A thin light beam is shining onto a wall. You take a solid block of glass that is 3.0cm thick and place it between the wall and the beam. The refractive index of the glass is 1.5. The angle between the beam and the surface of the block is 60° What is the incident angle of the beam on the block.
the incident angle is measured relative to the normal to the surface
90º - 60º = 30º
To find the incident angle of the beam on the block, we can use the concept of Snell's Law. Snell's Law relates the incident angle (angle of the incoming beam with respect to the normal) and the refractive index of the two media involved.

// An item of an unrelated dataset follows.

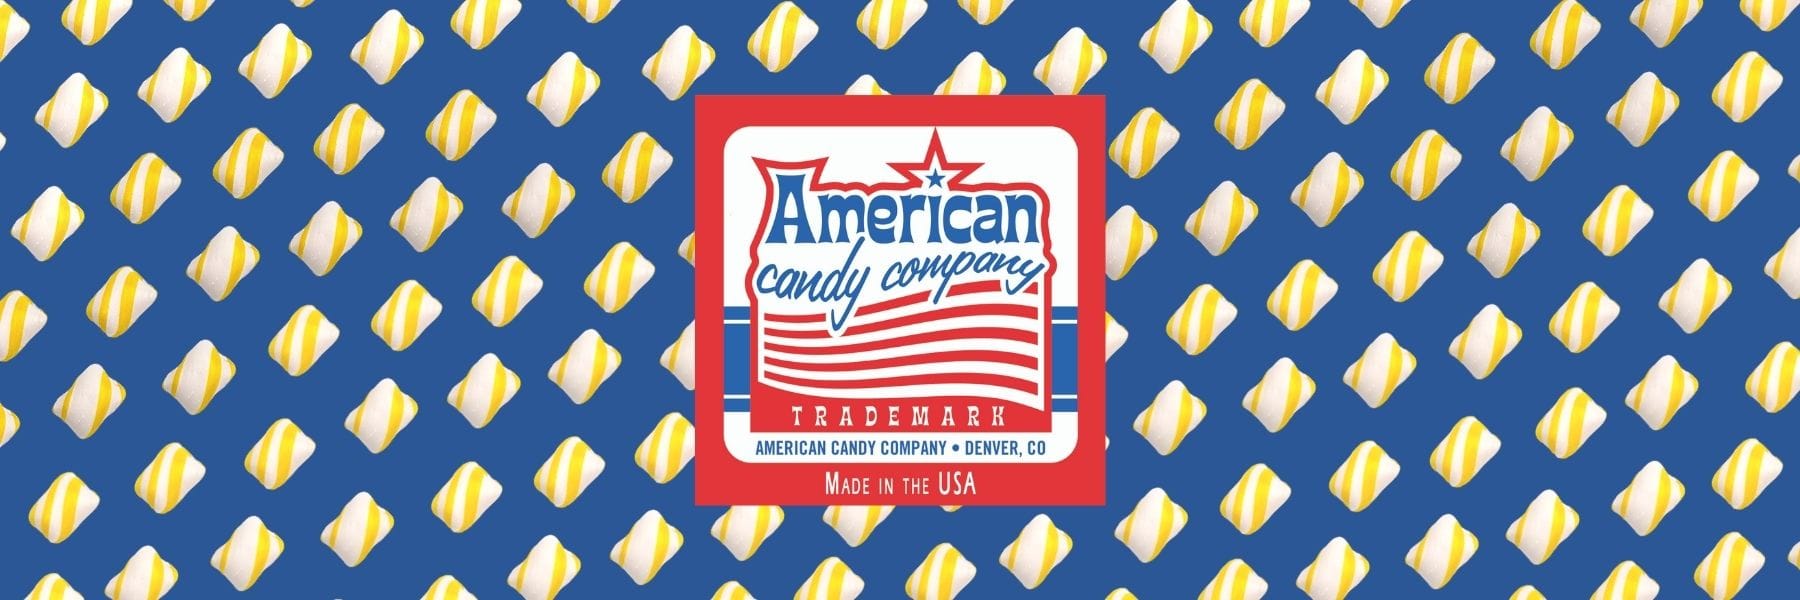 American Candy Company

The incident angle on the block can be found by reversing the roles of the glass and air. Let's consider the air as the initial medium and the glass as the final medium.
Snell's Law is given by:
n1 sinθ1 = n2 sinθ2
Where:
- n1 and n2 are the refractive indices of the initial and final media, respectively.
- θ1 is the incident angle of the light beam on the surface (with respect to the normal).
- θ2 is the angle of light inside the glass (with respect to the normal).
In this case, the incident angle on the block is given as 60°, and the refractive index of the glass is 1.5. We want to find the incident angle of the beam on the block.
Let's rearrange Snell's Law to solve for θ1:
θ1 = sin^(-1)((n2 * sinθ2) / n1)
Substituting the given values:
- n1 (refractive index of air) is approximately 1.
- n2 (refractive index of glass) is 1.5.
- θ2 (angle inside the glass) is 60° (since the incident angle and the angle inside the glass are the same).
θ1 = sin^(-1)((1.5 * sin(60°)) / 1)
Using a scientific calculator to compute this expression:
θ1 ≈ sin^(-1)(1.5 * 0.866) ≈ sin^(-1)(1.299) ≈ 51.91°
Therefore, the incident angle of the beam on the block is approximately 51.91°.